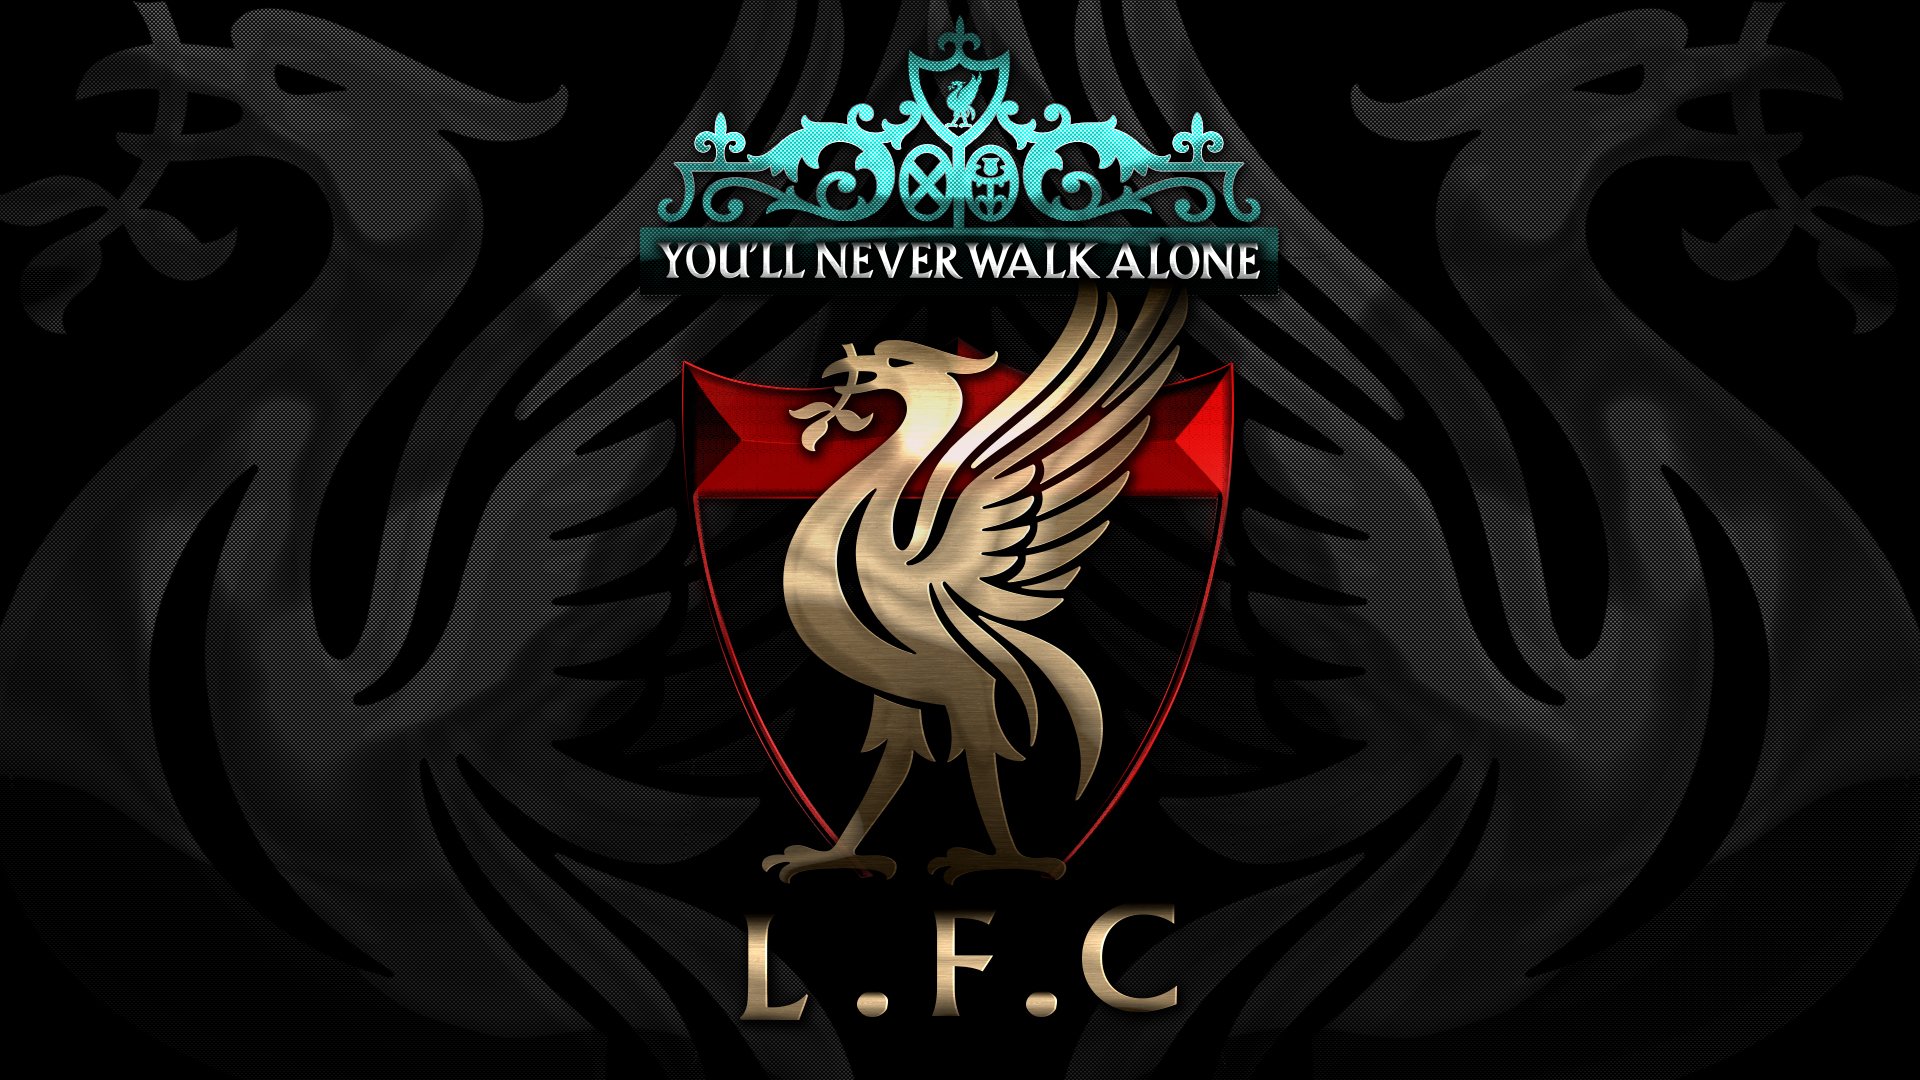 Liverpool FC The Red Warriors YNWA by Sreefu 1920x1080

==

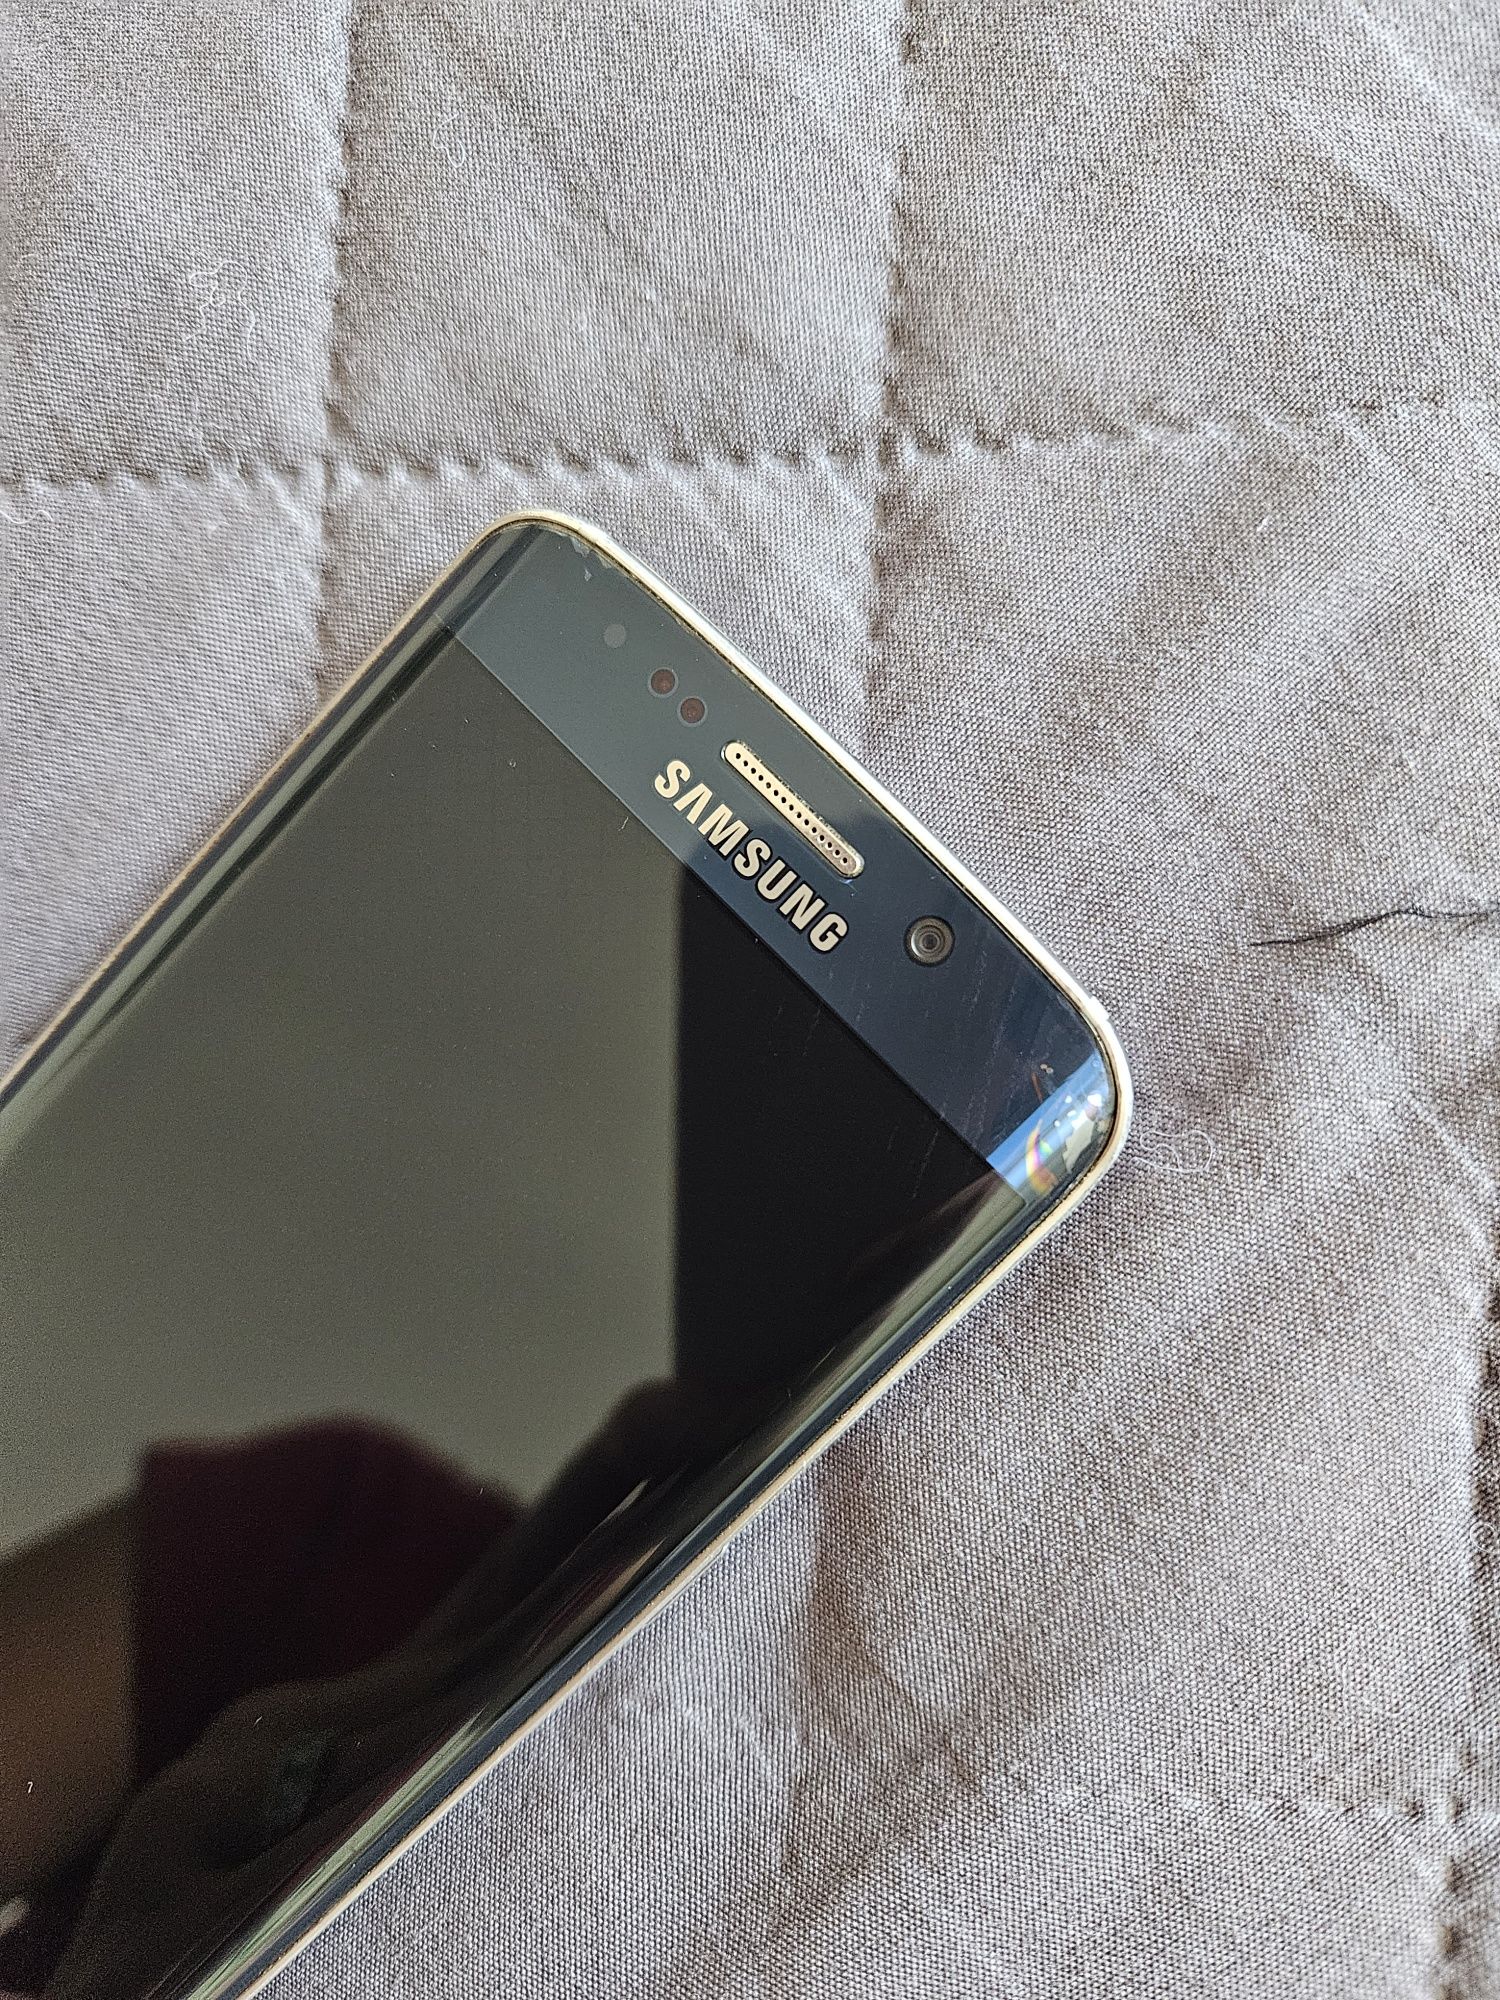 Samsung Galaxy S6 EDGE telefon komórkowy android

---

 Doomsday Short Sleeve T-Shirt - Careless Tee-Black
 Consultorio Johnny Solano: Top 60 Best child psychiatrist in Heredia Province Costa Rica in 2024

Task details — Nothing but the lines above from the one containing "Doomsday Short Sleeve" through the one containing "Consultorio Johnny Solano: Top" should appear in the answer, each repeated exactly.

Written answer —
 Doomsday Short Sleeve T-Shirt - Careless Tee-Black
 Consultorio Johnny Solano: Top 60 Best child psychiatrist in Heredia Province Costa Rica in 2024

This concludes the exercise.